§ Provided material:
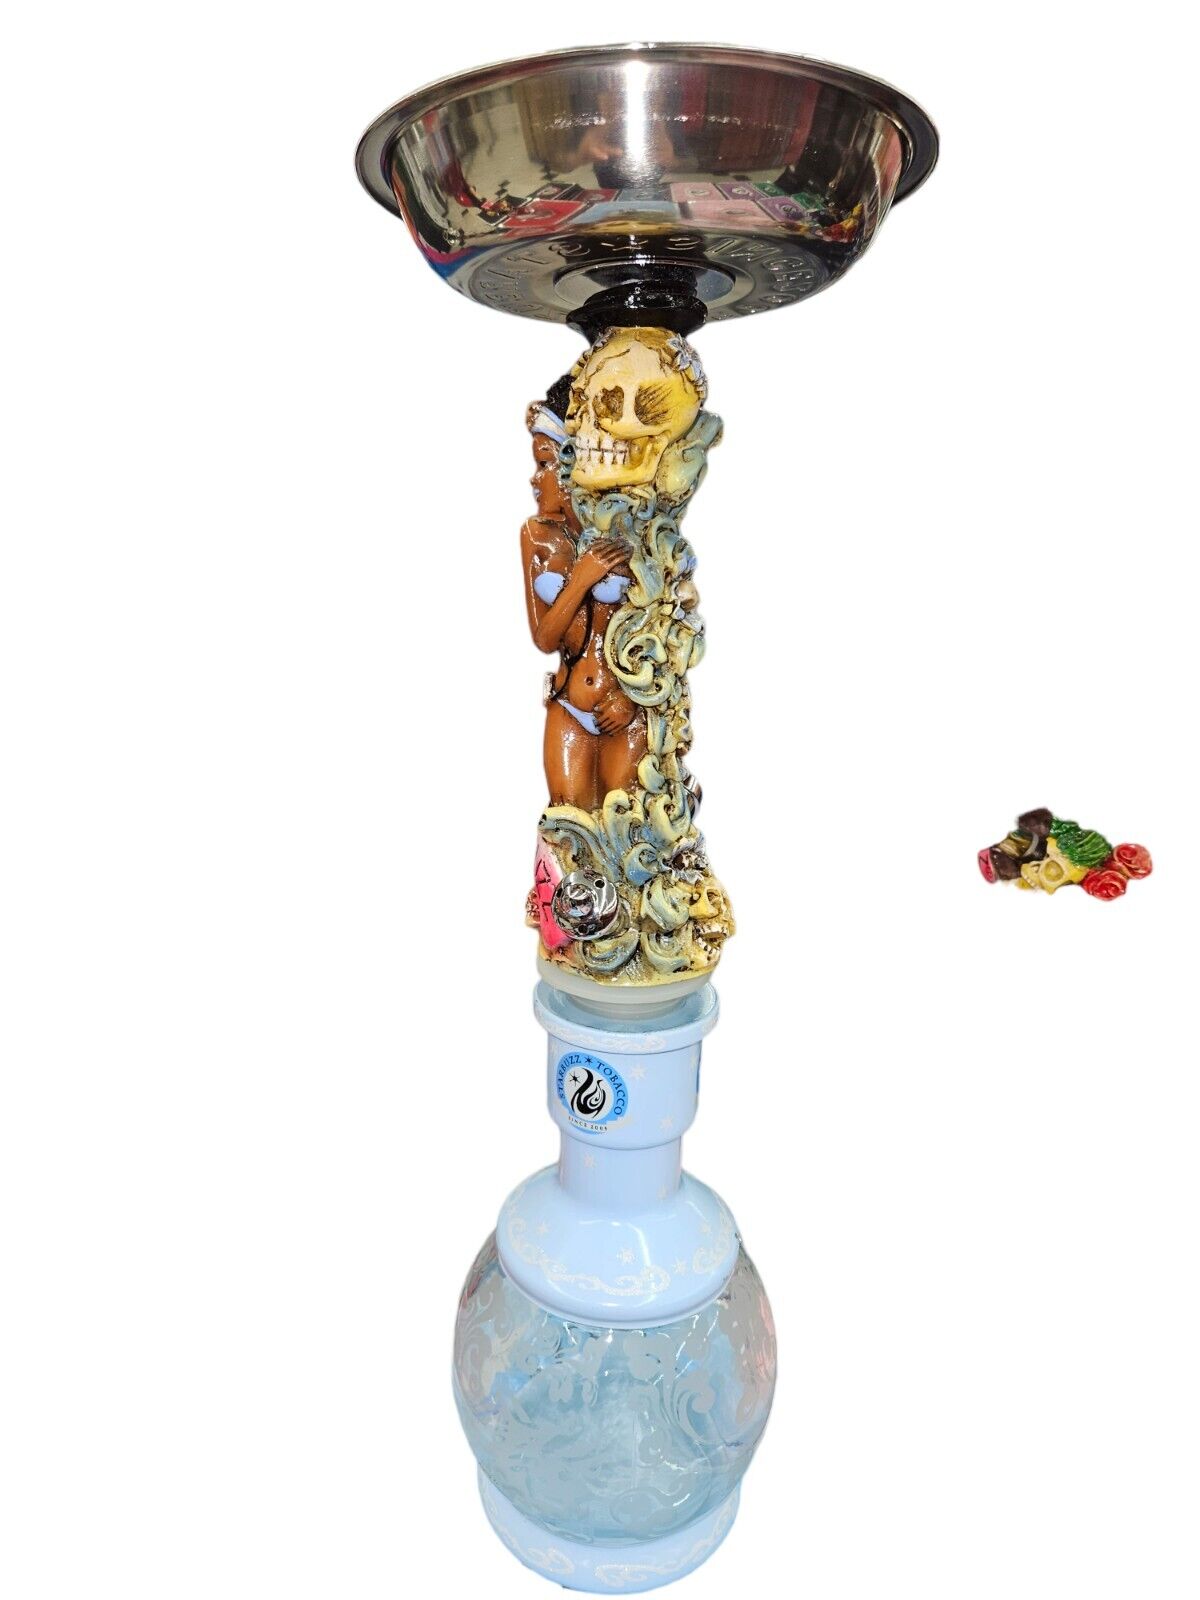 100%Authentic Starbuzz Sexy Lady Hookah TableTop Hookah Complete Set-blue W/case
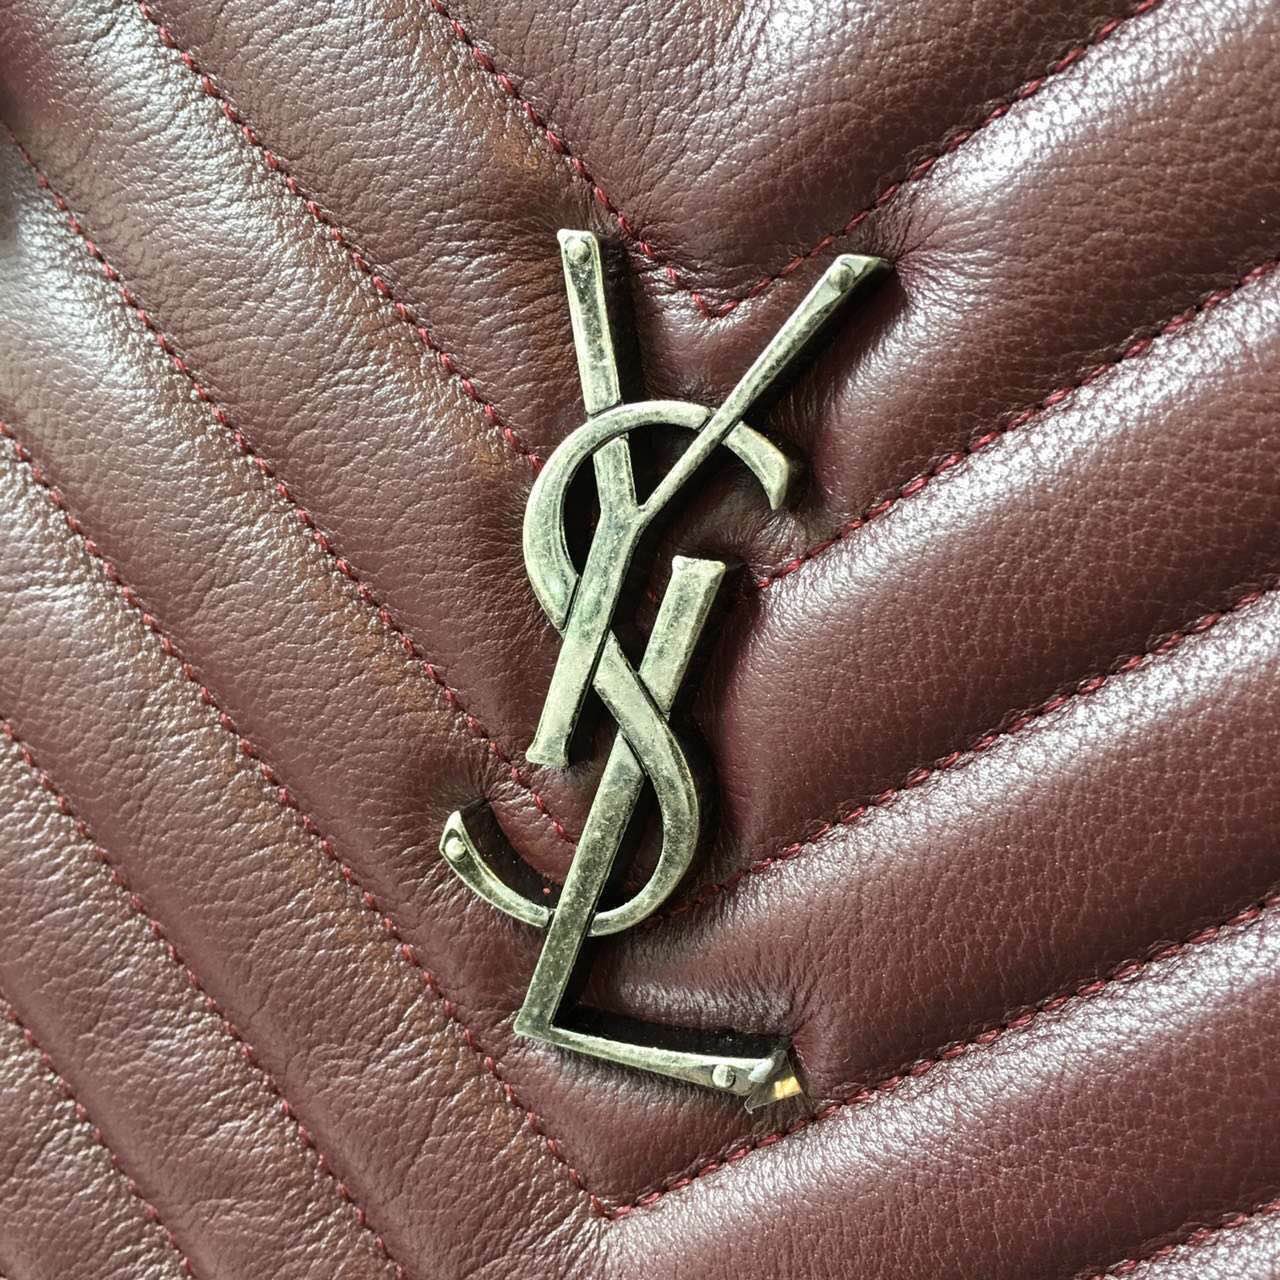 New Arrival!2016 Cheap YSL Out Sale with Free Shipping-Saint Laurent Classic Monogram Shopping Bag in Bordeaux MATELASSE Leather - Click Image to Close
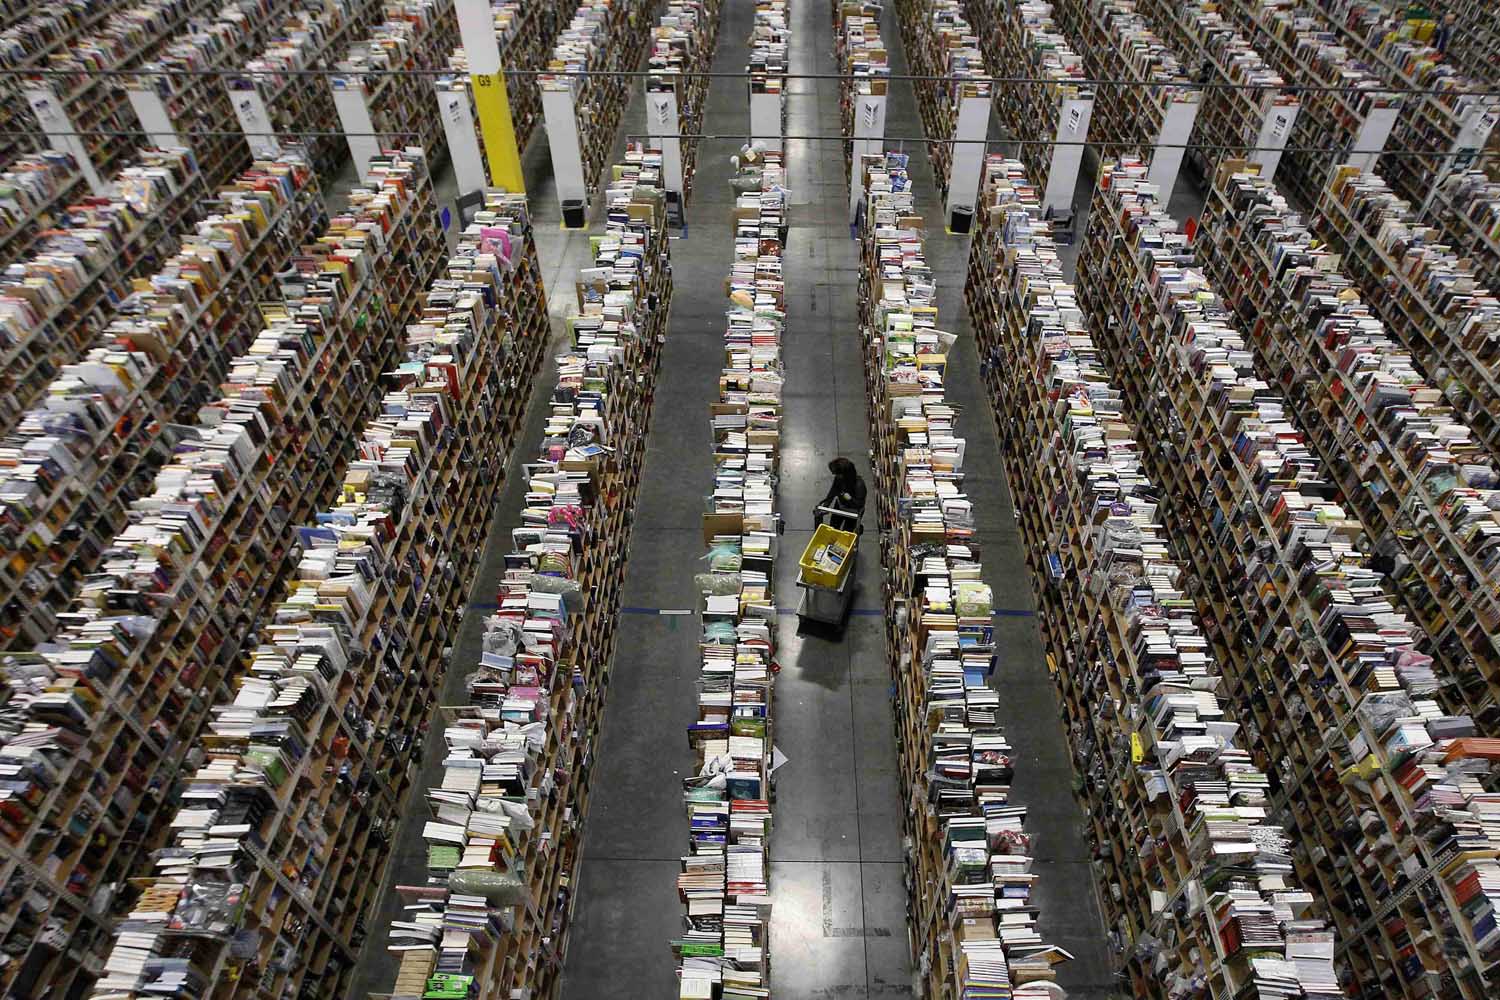 Worker gathers items for delivery at Amazon's distribution center in Phoenix
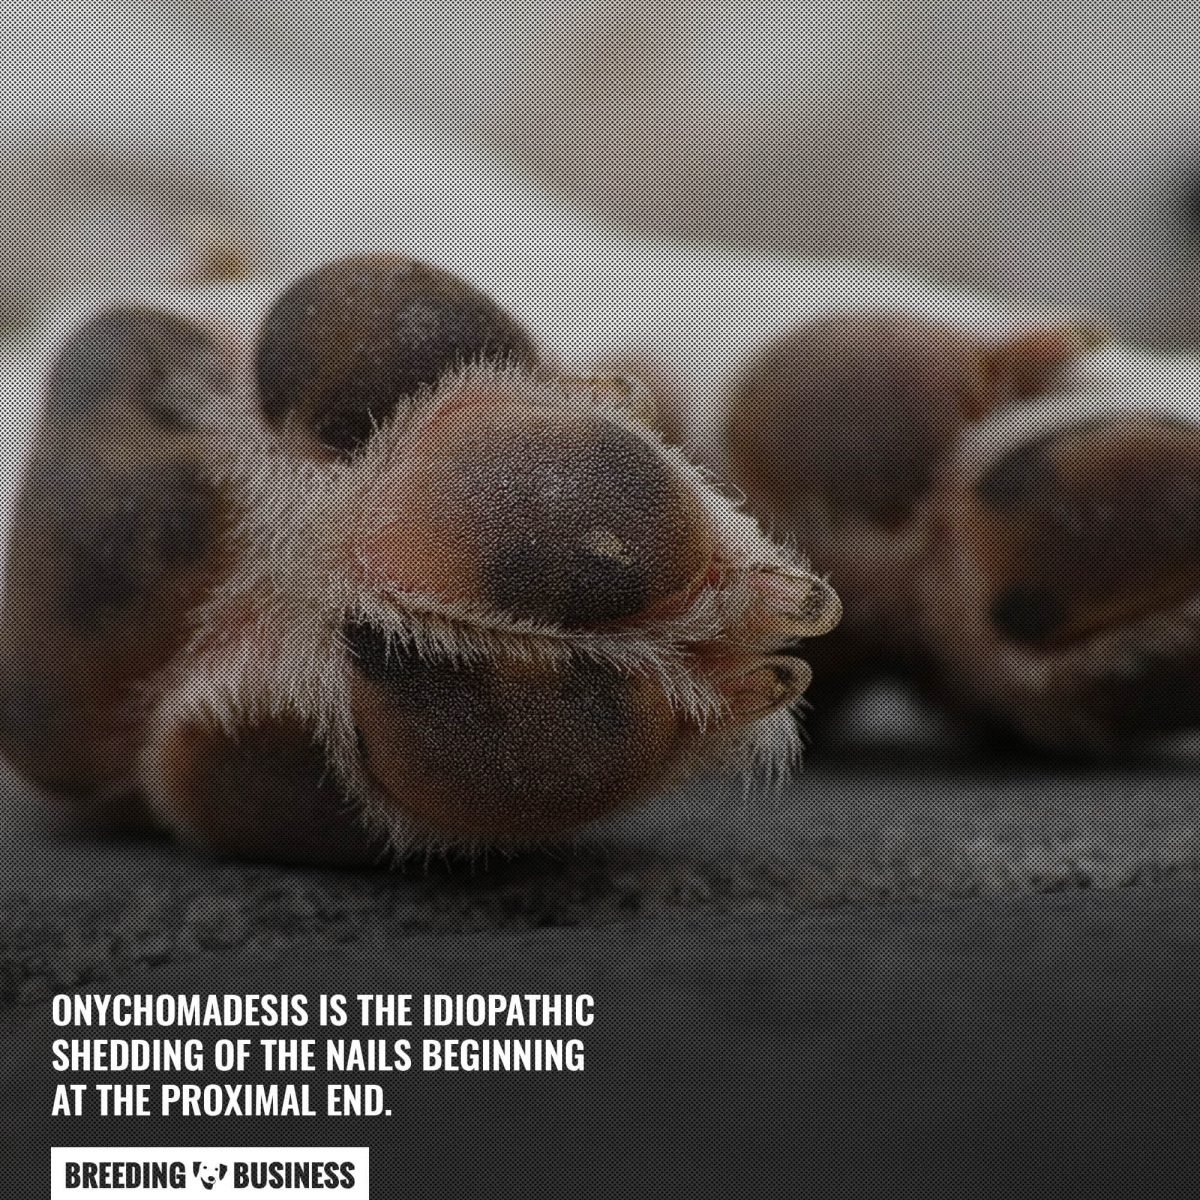 onychomadesis in dogs

§ Task directions: Retype each line of the listing above word for word. Exclude the pictures.

§ Written answer:
 100%Authentic Starbuzz Sexy Lady Hookah TableTop Hookah Complete Set-blue W/case
 New Arrival!2016 Cheap YSL Out Sale with Free Shipping-Saint Laurent Classic Monogram Shopping Bag in Bordeaux MATELASSE Leather - Click Image to Close
 Worker gathers items for delivery at Amazon's distribution center in Phoenix
 onychomadesis in dogs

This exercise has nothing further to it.